The decision was on an appeal of Chu v Lin [2024] FCA 766, in which Justice Jackman held that two directors of Gold Stone Capital Pty Ltd (Gold Stone), which was the trustee of unregistered managed investment scheme Gold Stone Secured Income Mortgage Fund, were personally liable for Gold Stone’s breaches of trust by making three imprudent loans.
Justice Jackman found that Louise Carol Lin, a de facto director, and her husband Hai Zhong Cai, a director of Gold Stone, knowingly procured or induced those breaches of trust, including by negotiating and agreeing to the loans and signing documents to give effect to them.
10. Statutory oppression can extend to corporate partnership context
WIJOAV Services Pty Ltd v Goldstone Private Equity Pty Ltd, [2025] FCA 622
The Federal Court of Australia for the first time examined the application of statutory oppression provisions in the Corporations Act 2001 (Cth) to limited partnerships managed or conducted by a company through which members were allegedly oppressed.
The case arose from the irretrievable breakdown of a business relationship between Alexandra Commins (the managing director of Goldstone Private Equity Pty Ltd and Goldstone Fund Management Pty Ltd) and James Angelis (an entrepreneur and major investor) and their respective corporate vehicles. The dispute concerned the parties’ interests in Goldstone Private Equity Fund, a venture capital private equity business.

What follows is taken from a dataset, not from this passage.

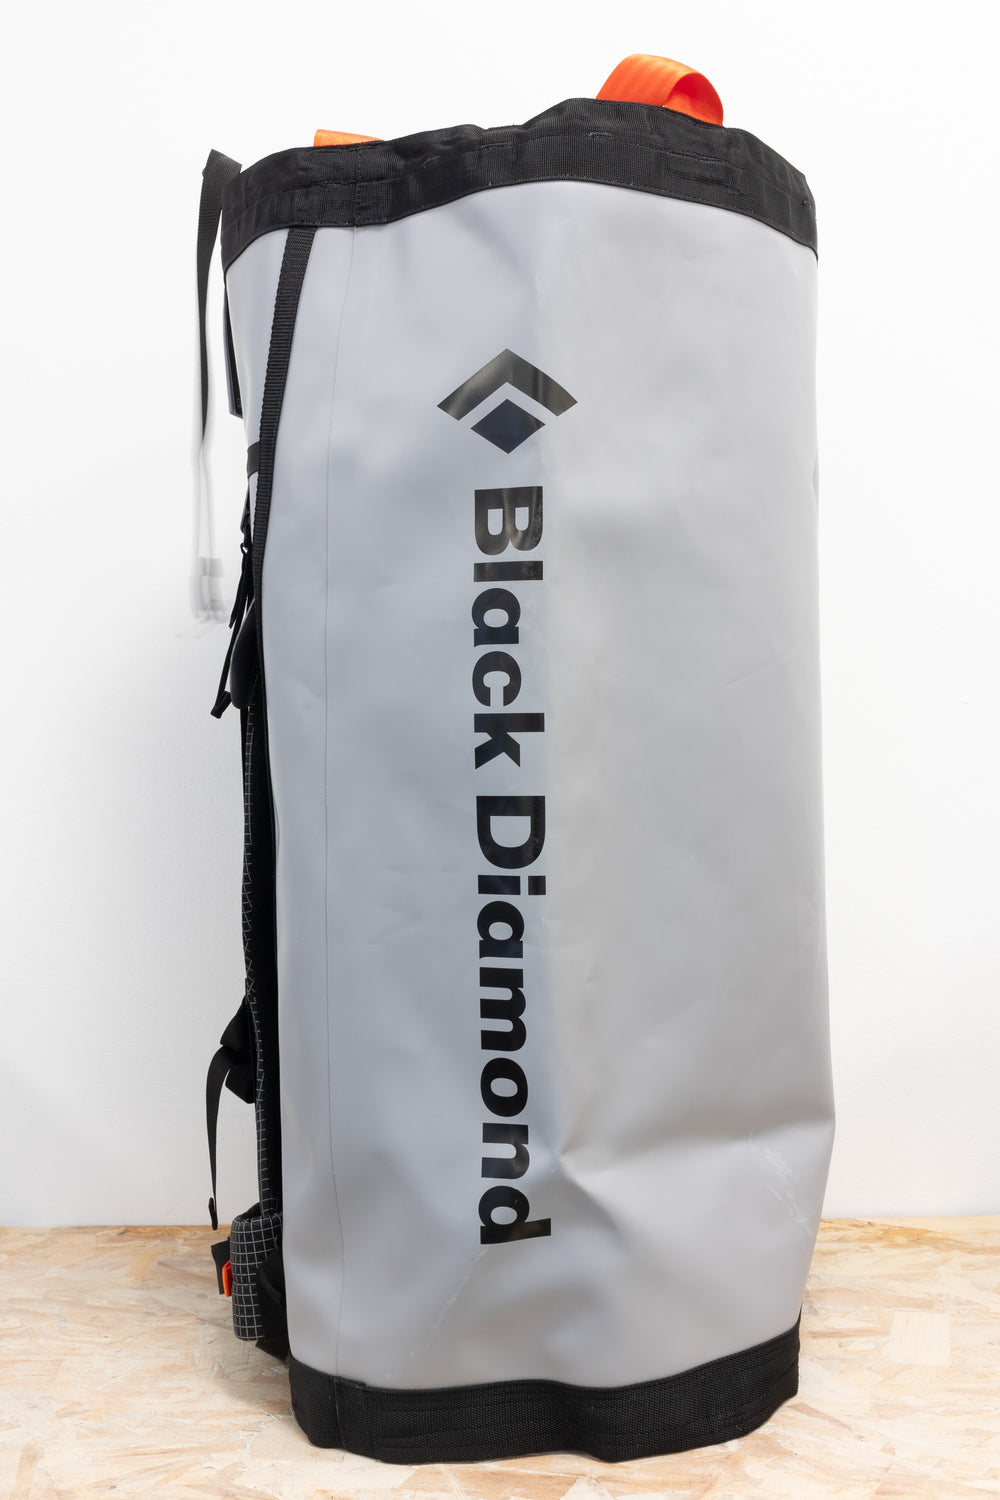 Black Diamond - Wall Hauler Haul Bag

At the heart of the case was a claim that the conduct of the affairs of Goldstone Private Equity Pty Ltd and Goldstone Fund Management Pty Ltd was contrary to the interests of members as a whole and oppressive to, unfairly prejudicial to, or unfairly discriminatory against Commins’ corporate vehicle WIJOAV Services Pty Ltd under section 232 of the Corporations Act 2001.
Justice Jackman held on 13 June 2025 that statutory oppression for the purposes of section 232 of the Corporations Act 2001 (Cth) can extend to the affairs of a company in its capacity as a general partner of a limited partnership. He also found that the court’s powers to remedy oppression under section 233 of the Act could extend to the buy-out of partnership interests in such a case.